Si Stéphane Mallarmé pensó que la escritura llegaba a sus límites (el
espacio en blanco como el abismo del texto), creo que ahora deberíamos
plantearnos el problema de cómo es posible recordar y de si, la memoria, como
la entendíamos hasta el siglo XIX, tiene aun sentido. Recordar no es tratar de
recrear muchas veces, sino juntar dispositivos, imágenes y textos que nos
vienen de fuera. Y tal vez nuestro esfuerzo sea cada vez más laxo, nuestra
conciencia más ociosa. La escritura que casi siempre se ha mantenido en
contacto con el insconsciente, con el mundo de los sueños, está mucho más invadida por el mundo de
afuera. Pienso por ejemplo cómo en este momento es casi imposible soñar (el
antropólogo Marc Augé decía que en Europa la gente casi no sueña, es muy raro
que alguien hable de sus sueños), es como si ese espacio, que Freud llamó insconciente se hubiera convertido en
una conciencia colectiva inmediata en la que una persona, sus sentidos, no
pueden alcanzan a poner un orden personal. Estamos habladoAs por otroAs más que
por nuestroas propios sentidos y lenguajes. La presencia exterior es demasiado
fuerte e intensa como para poder dejar que ese espacio interior, llenos de
simbologías y de acomodamientos veloces con la realidad, pueda emerger. Es una
tecnicidad la que funciona, y luego, la perfomance, la actuación, más que el
sentido íntimo de nuestras vidas. Hace unos días le decía a un amigo que para
escribir es necesario dejar que ese espacio emerja, salir de la comunicación,
de lo meramente social (el uso de la palabra que no es lo mismo que el
lenguaje), para internarse en el mundo de los sueños, del desorden de los
sueños y dejar la puerta abierta para que los significantes signifiquen otras cosas.
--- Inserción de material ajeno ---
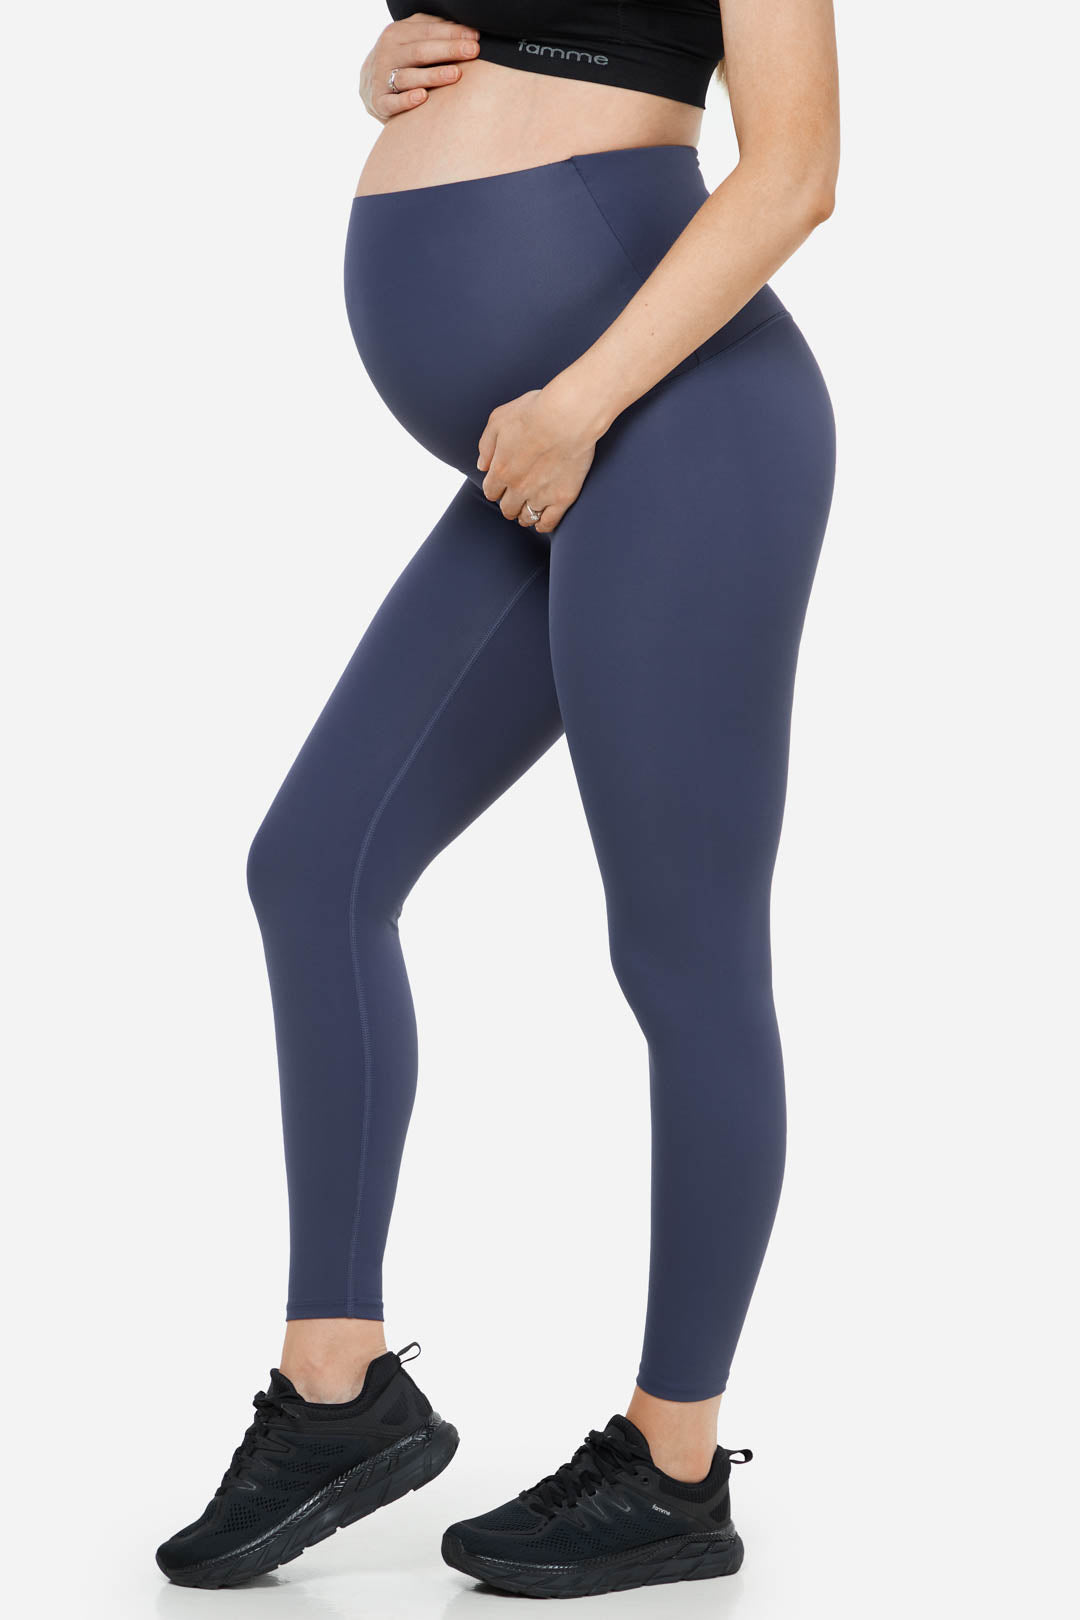 Blue Flex Maternity Leggings - for dame - Famme - Leggings
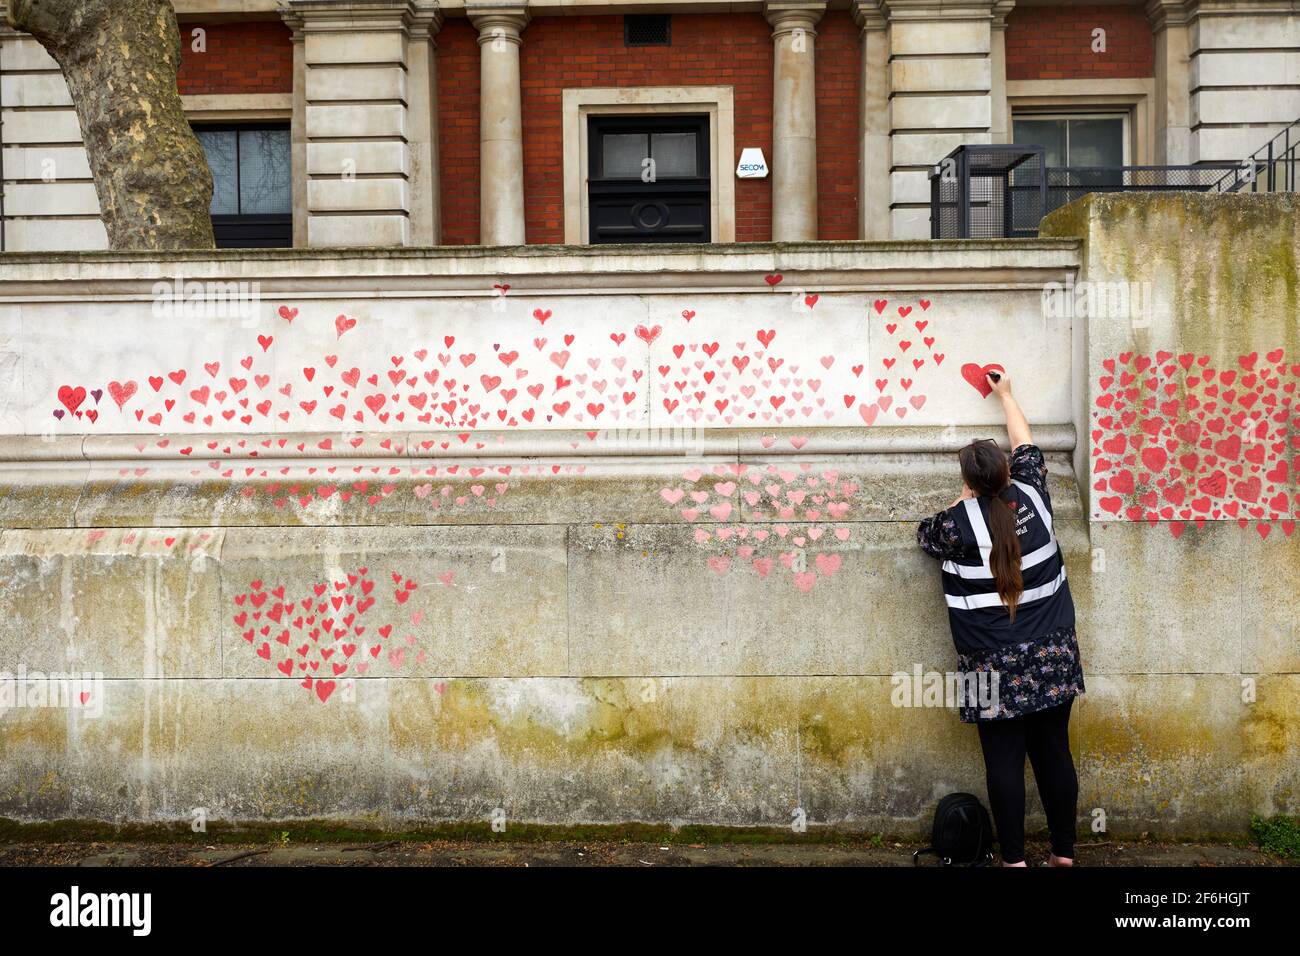 Londres, Royaume-Uni - 31 mars 2021 : la famille et les amis des victimes de Covid-19 peignent des coeurs rouges au mur commémoratif national de Covid, en face de l'hôpital St. Thomas, dans le centre de Londres. Chaque cœur tiré individuellement représente une victime du coronavirus. Banque D'Images

Creo que esto, ahora, es casi imposible. No hemos vivido nunca una época tan estandarizada
y más alienada que la que vivimos. Y la lucha es feroz, violentísima, contra esa marea formateada, aseptizada que
entrena y somete a las conciencias. El trabajo es casi imposible, es una
botella al mar que casi nadie va a recoger porque no la ve o no tiene tiempo. Estamos
encerradoas en nuestra propia imagen y no logramos salir de ella. !Nuestro pulmón
es artificial!
Ahora, recordar, y tratar de recordar bien, es otra tarea. No sé cómo
se puede hacer ese trabajo sin tomar en cuenta los vacíos de sentido que todo
lenguaje posee, sus diferentes mutaciones, incluso, sus patologías. Es cierto
que hemos vivido hasta ahora con una influencia "positivista" del
lenguaje (al menos en América Latina domina esta idea), y que nos hemos hecho
pocas preguntas sobre su capacidad de reflejar la realidad "tal y como
es", es decir, sobre su alcance semántico. Esto nos viene desde la
religión y la educación que sigue atrapada en las transacciones de poder y los
monopolios en la educación y la información. ¿Qué tenemos que hacer nosotroas como
escritoras en esto? Tal vez seamos las únicas personas en capacidad de
desenmarañar esa larga cadena de servidumbres que crea nuestro lenguaje,
empezando por nosotras, las mujeres. Por ejemplo es difícil imaginar la
despersonalización que produce hablar un "cierto idioma", hablar el
lenguaje de quien domina, reproducir los mismos valores. No tenemos en realidad
lenguaje. En sociedades sometidas y fragmentadas el idioma divide, clasifica
manteniendo las mismas divisiones sociales, los mismos estereotipos, se nutre
de ellos y los convierte en capital simbólico. Es otra economía la del
lenguaje, más perversa, más sutil. Todos estos "usos del lenguaje"
están lejos de las necesidades y los sentimientos de aquelloAs que los hablan.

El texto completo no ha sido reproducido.